Cameroon’s debt rating downgraded to speculative grade
The country’s financial standing has just been reassessed by global markets. On July 9, 2026, Fitch Ratings delivered its verdict on a recent short-term foreign currency bond issued by the Cameroonian government.
Cameroon’s financial health has just been re-evaluated by global markets. On July 9, 2026, Fitch Ratings assigned a ‘B’ rating, with a negative outlook, to a recently issued short-term foreign currency bond by the Cameroonian government.
A ‘B’ rating with a negative outlook signals that the country is now viewed as a speculative-grade borrower. While Cameroon is not in default, its ability to meet debt obligations is under close scrutiny, with potential for further downgrades.
The ‘B’ rating reflects concerns over weak governance, low per capita income, persistent security challenges, and political instability linked to leadership transition. Investors are particularly wary of off-budget financing, including operations by the National Hydrocarbons Corporation (SNH), which increases borrowing costs for the government.

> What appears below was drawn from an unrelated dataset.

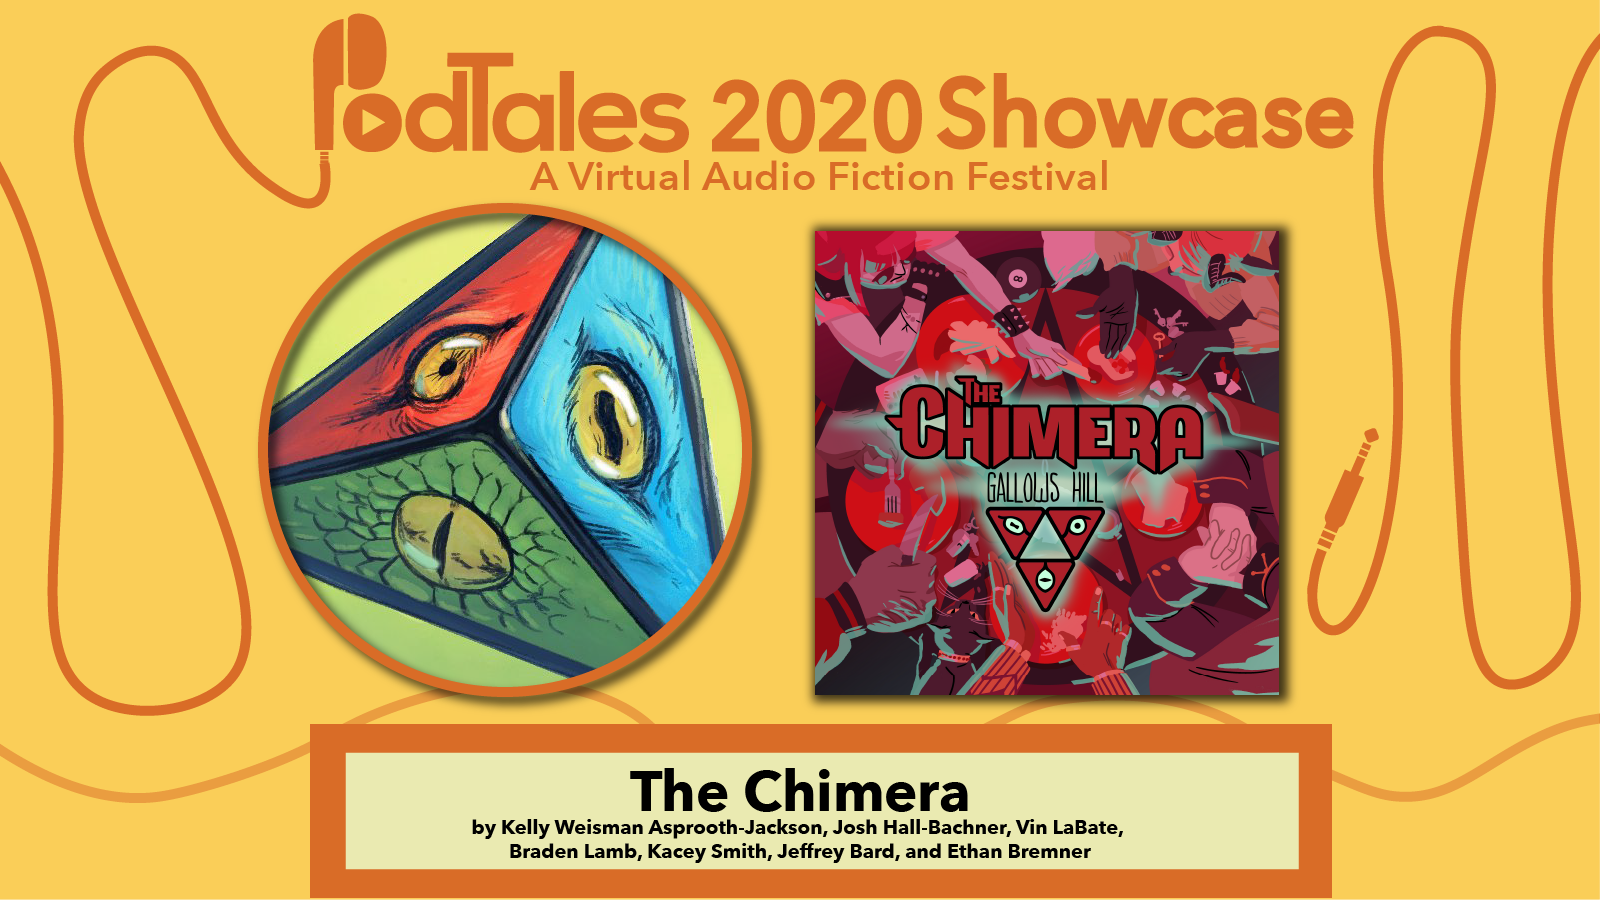 Text reading “PodTales 2020 Showcase: A Virtual Audio Fiction Festival”, The Chimera Logo, Show Art for The Chimera: Gallows Hill, Text reading “The Chimera by Kelly Weisman Asprooth-Jackson, Josh Hall-Bachner, Vin LaBate, Braden Lamb, Kacey Smith, Jeffrey Bard, and Ethan Bremner”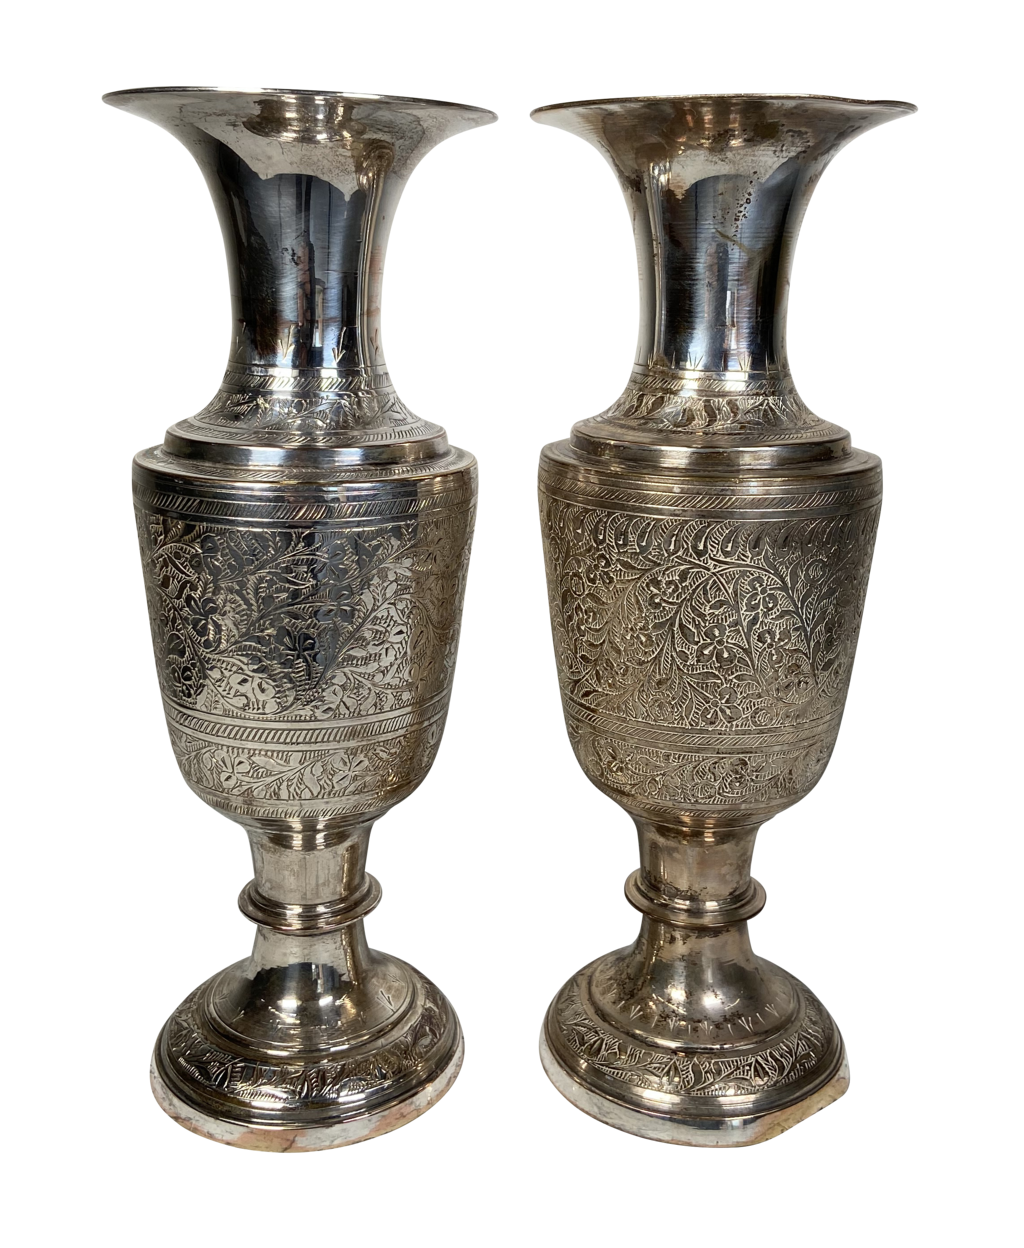 Pair of Anglo-Indian Silver Plated Vases

Impact on the national economy
The negative outlook warns creditors about risks to public finances and the reliance on extra-budgetary funding, such as SNH operations, driving up borrowing costs for Yaoundé. This rating has been applied to recent financial operations, including a €200 million bridge loan (approximately 131 billion FCFA) sought by the government.
Market confidence at a crossroads
A ‘B’ rating with a negative outlook typically leads to higher borrowing costs. Investors demand higher interest rates when perceived risks increase.
Improving economic governance, better debt management, higher public revenues, and stronger economic growth could restore market confidence and potentially lead to an upgrade in Cameroon’s sovereign rating over time.